26. In summary, the legal principles are these:
(a)
An officer or employee of one party cannot be
the arbitrator or, upon eligibility, the person empowered to appoint an
arbitrator. This is the TRF Ltd. category or rule.
(b)
Where the arbitration clause provides for
nomination by each side, and for the appointment of an umpire by the two
nominee arbitrators, of a person from a panel:
(i)
that panel cannot be hand-picked by one side;
and
(ii)
it must be broad-based and inclusive, not
narrowly tailored to persons from a particular category. The opponent and the
two nominee arbitrators must have the plenitude of choice. This is the rule in
Voestalpine Schienen. Conceivably, a broad-based panel commonly agreed in the
contract by both sides would serve the purpose.

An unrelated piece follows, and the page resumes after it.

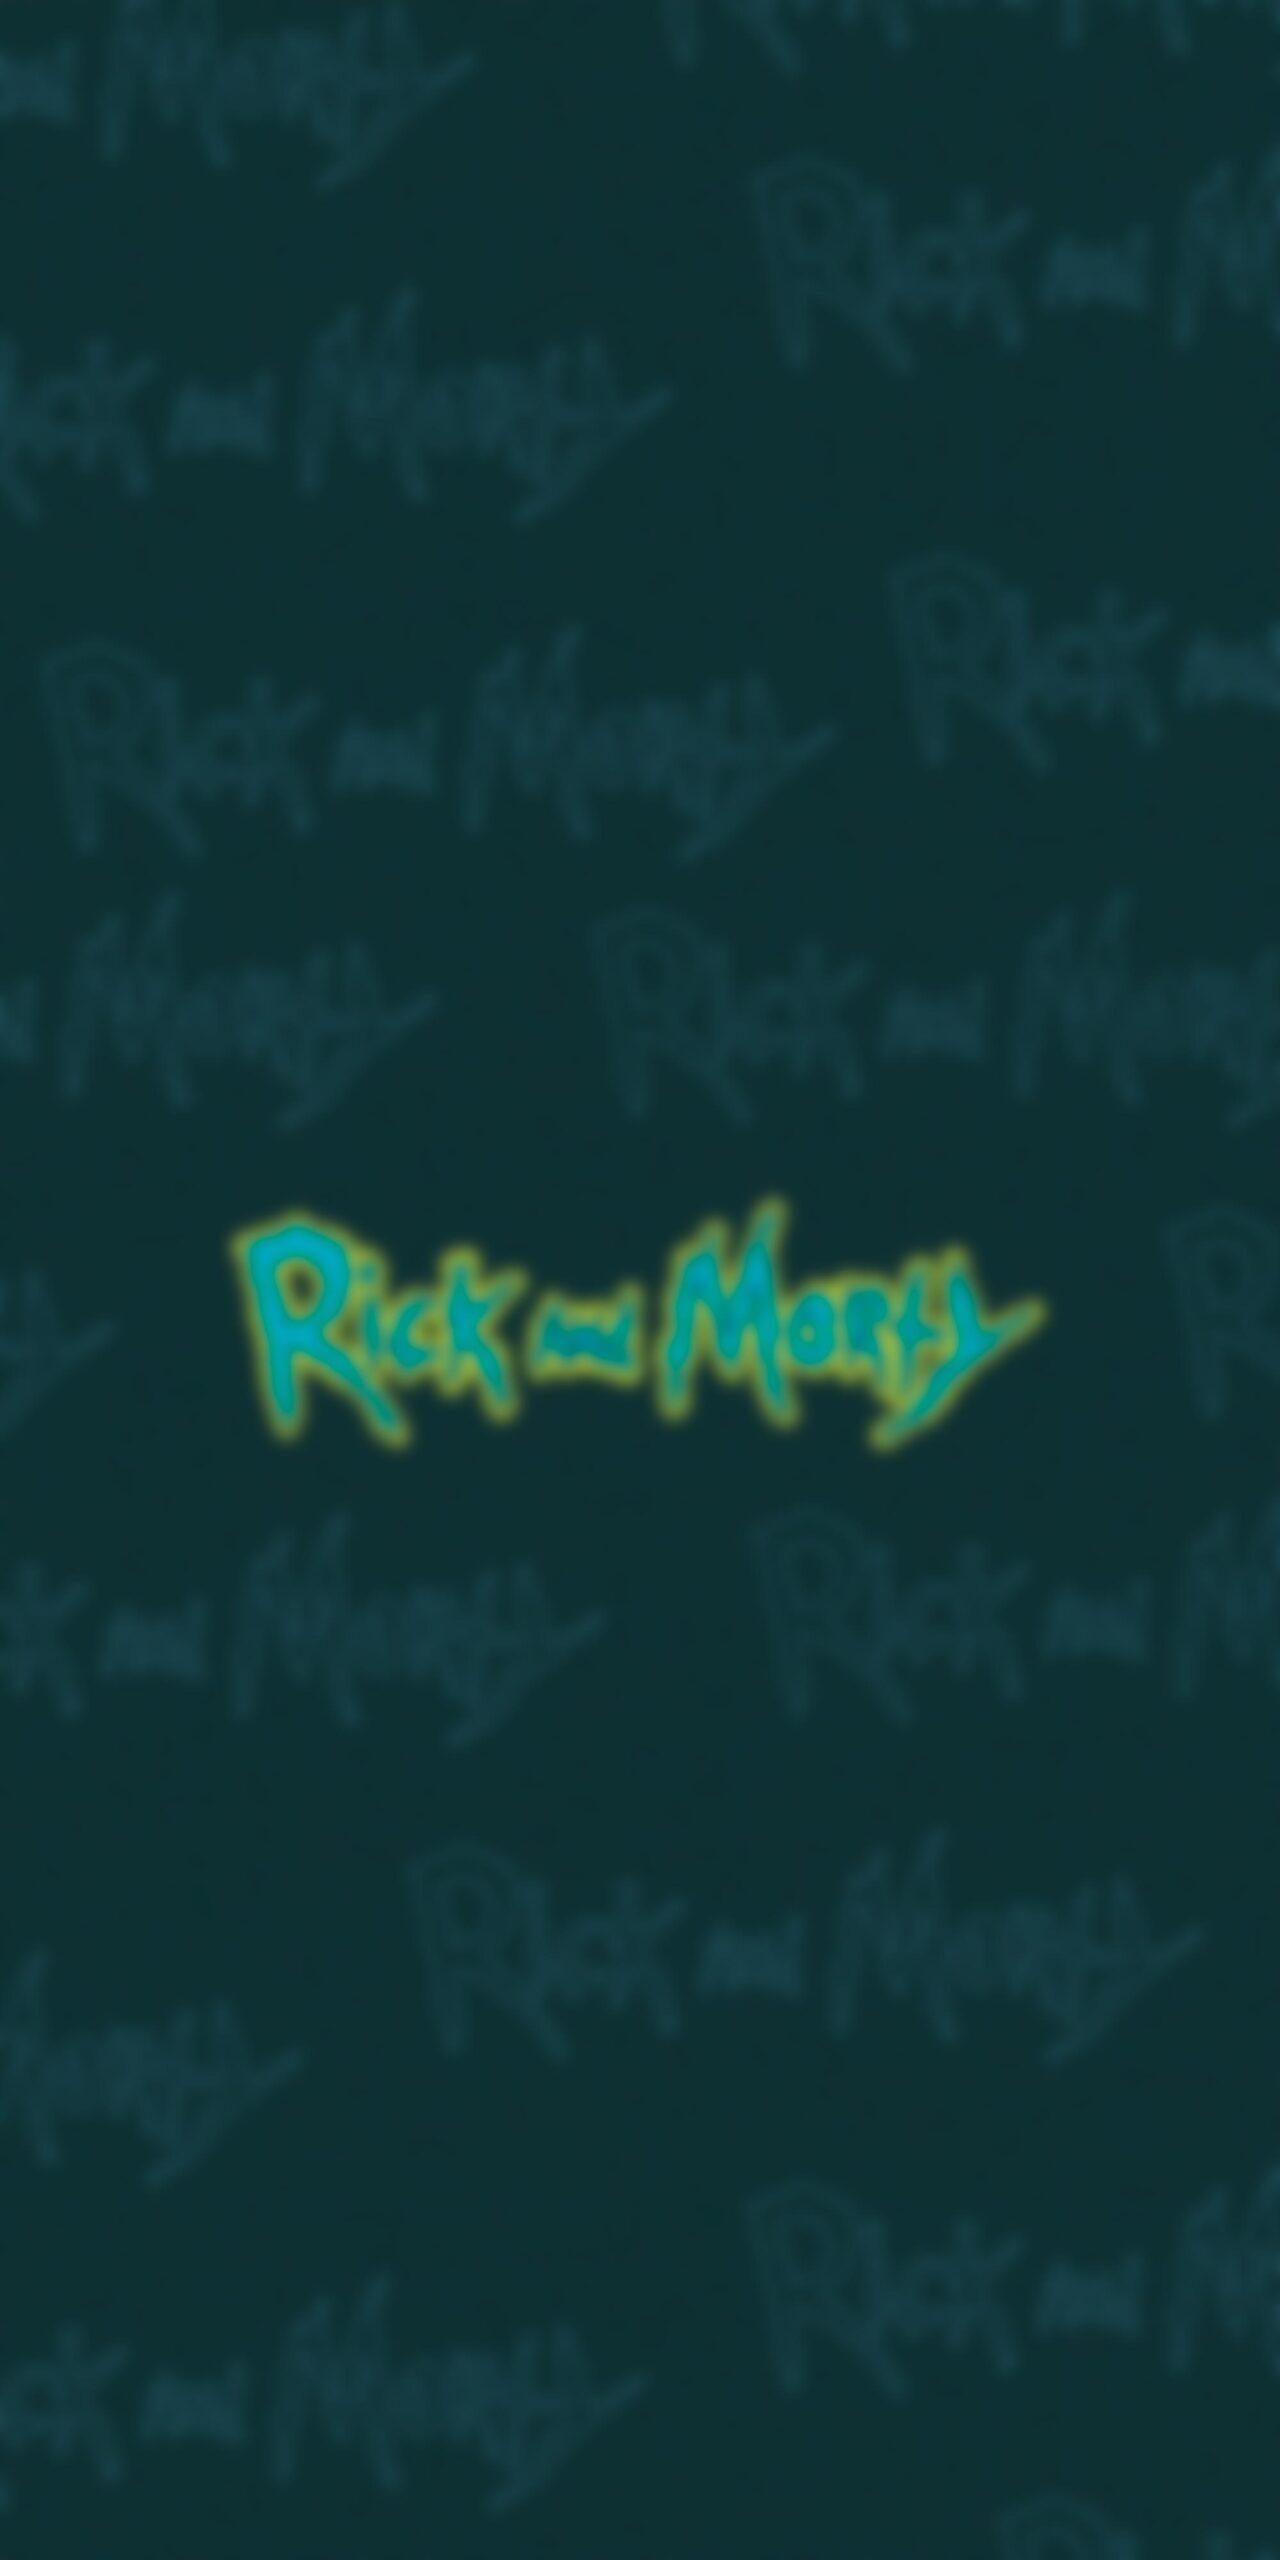 rick and morty logo blue blur wallpaper
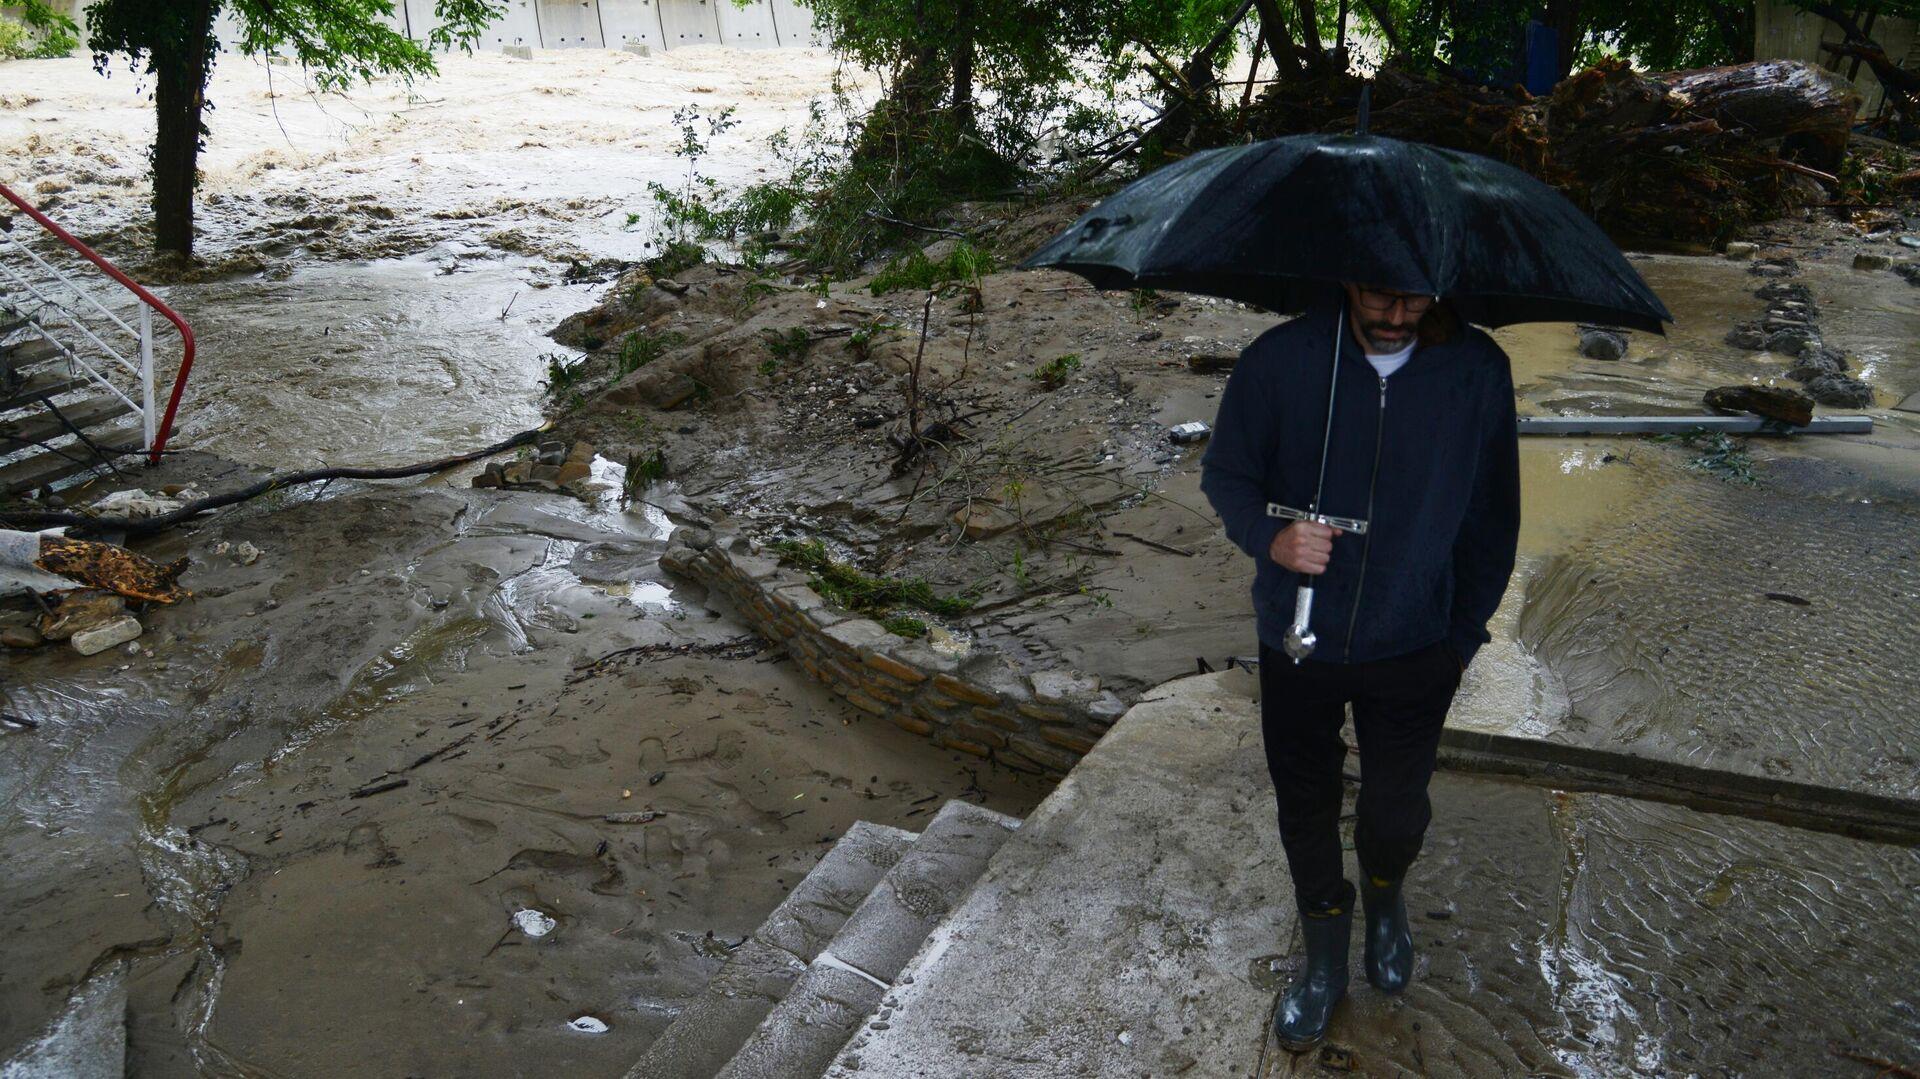 Мужчина на берегу реки Кудепста в Хостинском районе Сочи - РИА Новости, 1920, 24.07.2021

A clause that confers on one party’s employee the sole right
to appoint an arbitrator, though that employee is himself not to the
arbitrator, is also not valid, and this is a logical and inescapable extension
of the TRF Ltd. doctrine. It makes no difference whether this power is to be
exercised by choosing from a panel or otherwise. This is the rule in Eastman
Perkins. The guiding principle is neutrality, independence, fairness and
transparency even in the arbitral-forum selection process.